DESCRIPTION OF THE TASK: Without any pictures, restate the full set of records below exactly.

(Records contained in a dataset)
────────────────
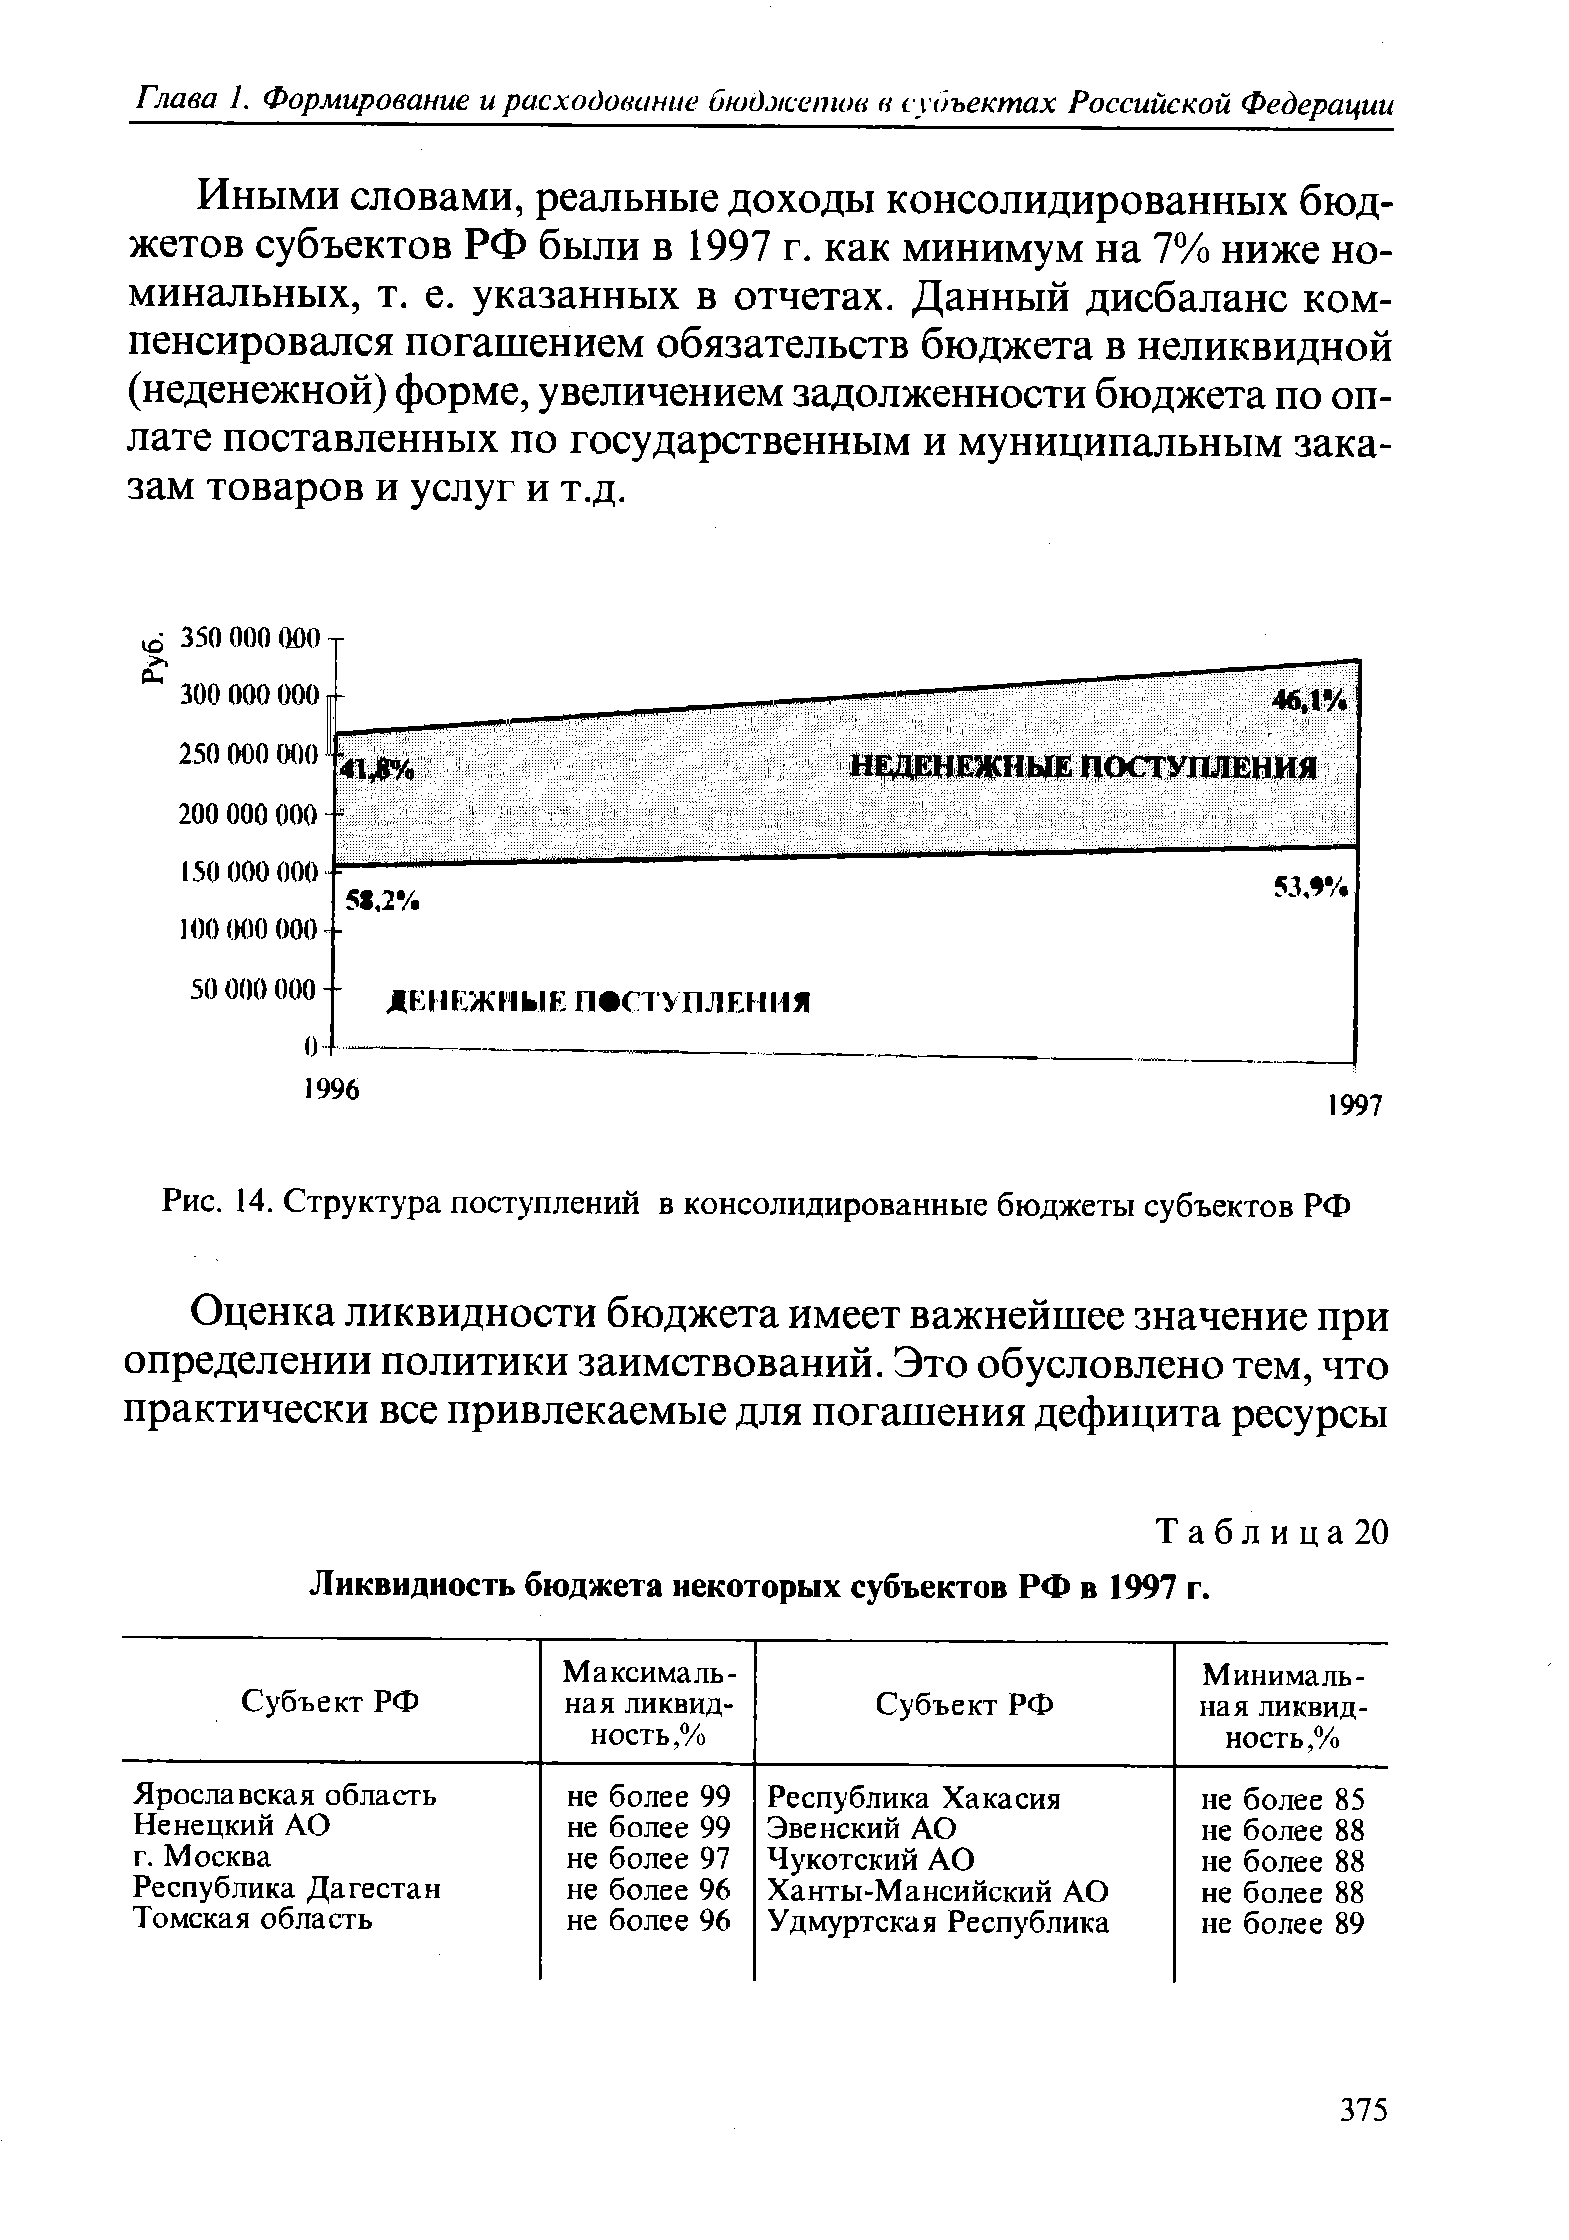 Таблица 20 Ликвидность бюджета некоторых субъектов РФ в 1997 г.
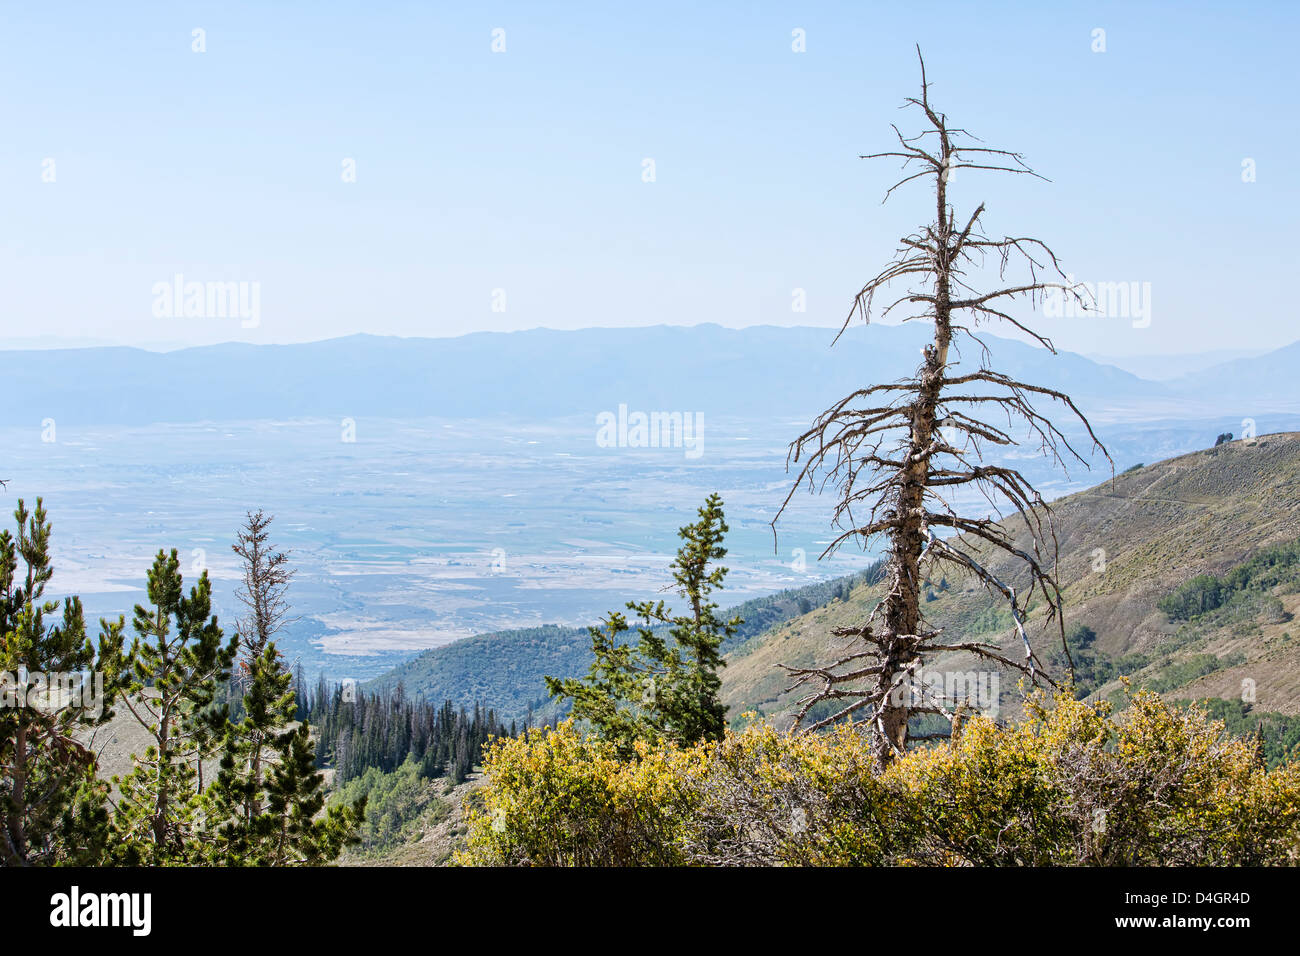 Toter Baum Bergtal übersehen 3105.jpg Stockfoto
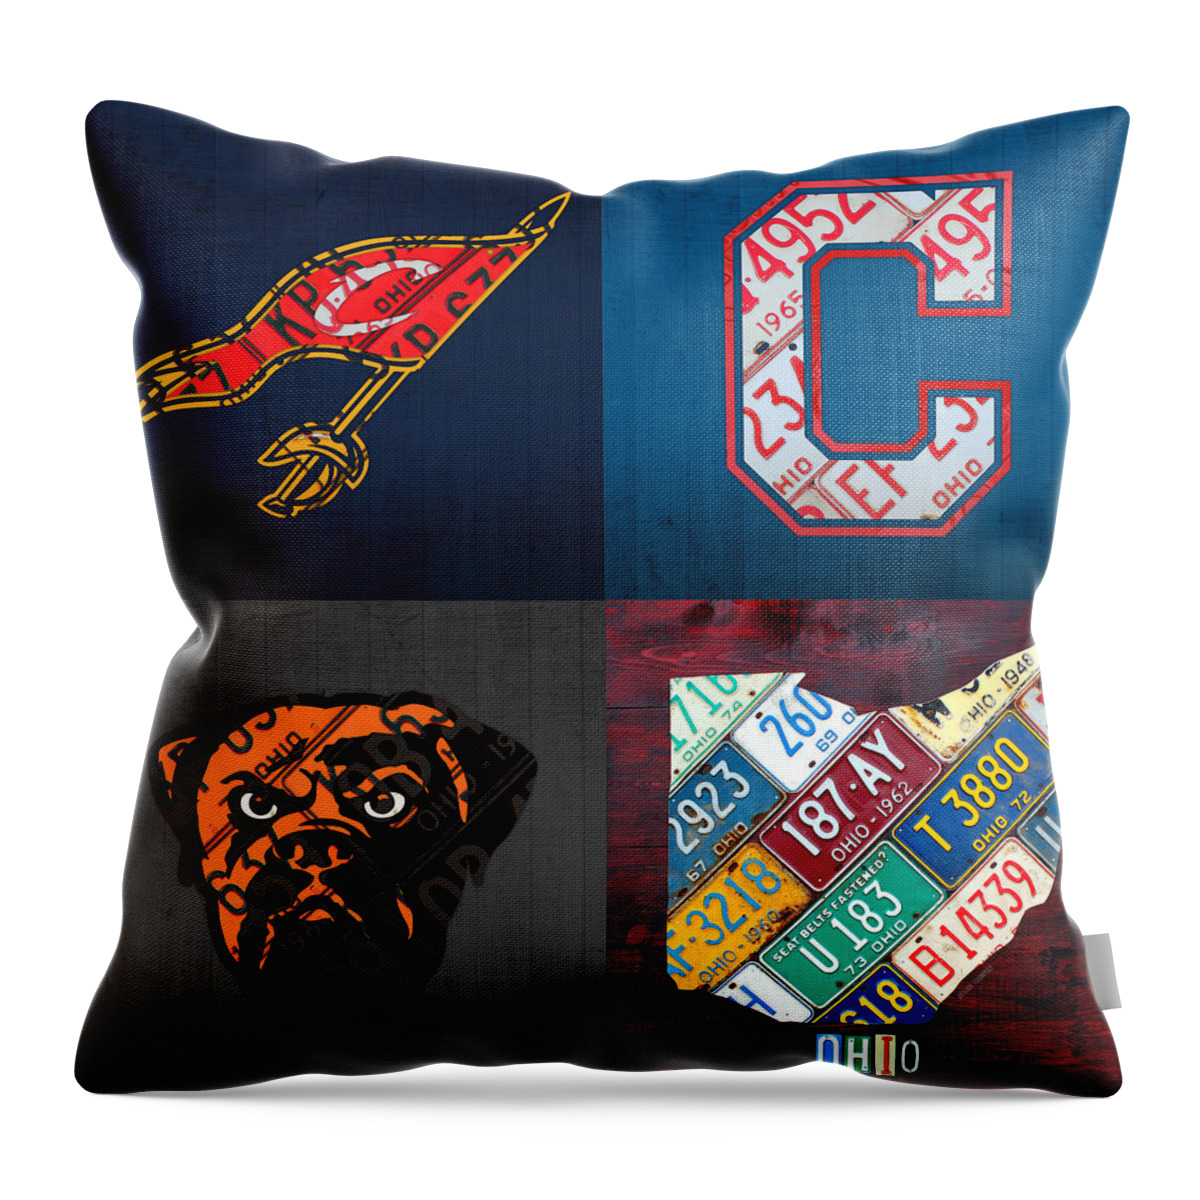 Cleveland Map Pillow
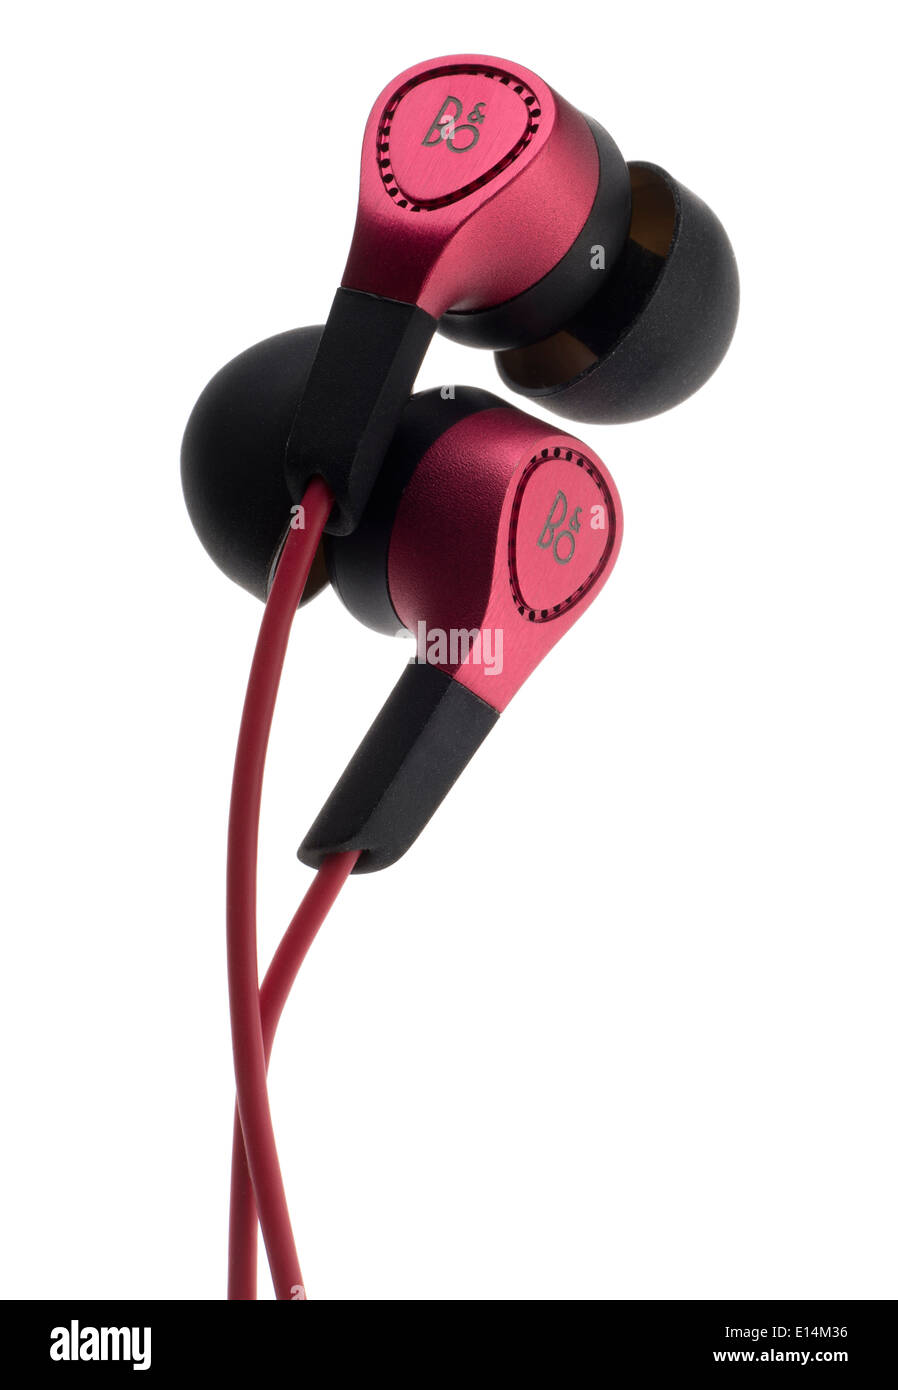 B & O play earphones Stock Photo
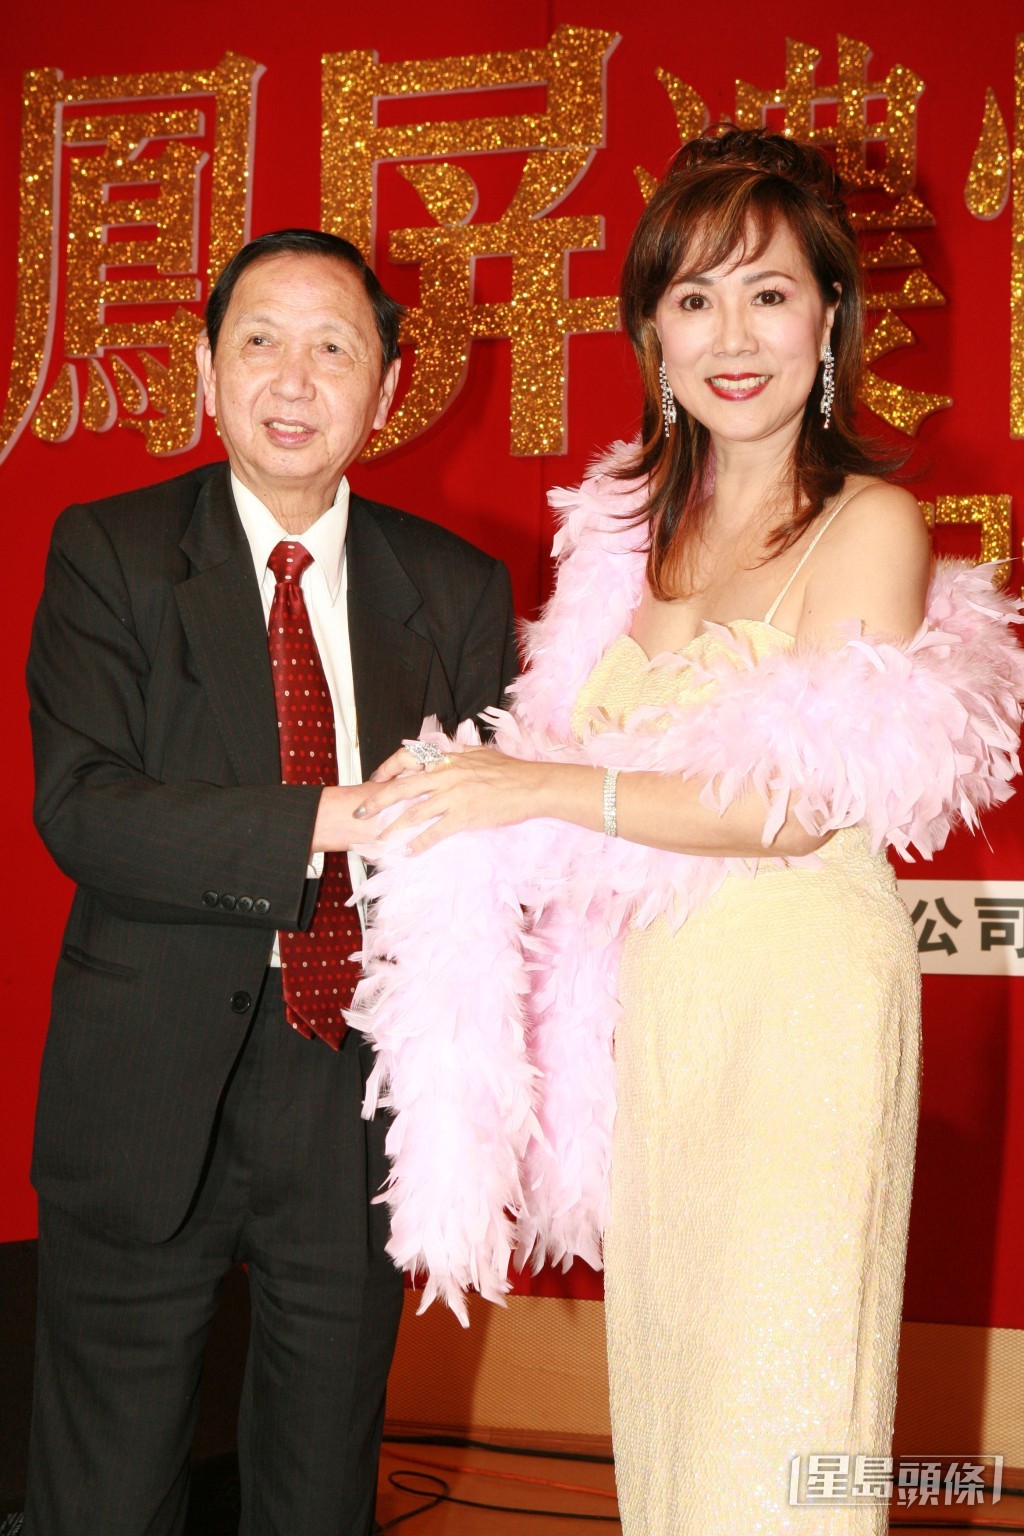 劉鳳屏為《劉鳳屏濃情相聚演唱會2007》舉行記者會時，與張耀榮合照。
────────────────
ANSWER FOR THE TASK:
 Таблица 20 Ликвидность бюджета некоторых субъектов РФ в 1997 г.
 Toter Baum Bergtal übersehen 3105.jpg Stockfoto
 Cleveland Map Pillow
 B & O play earphones Stock Photo
 劉鳳屏為《劉鳳屏濃情相聚演唱會2007》舉行記者會時，與張耀榮合照。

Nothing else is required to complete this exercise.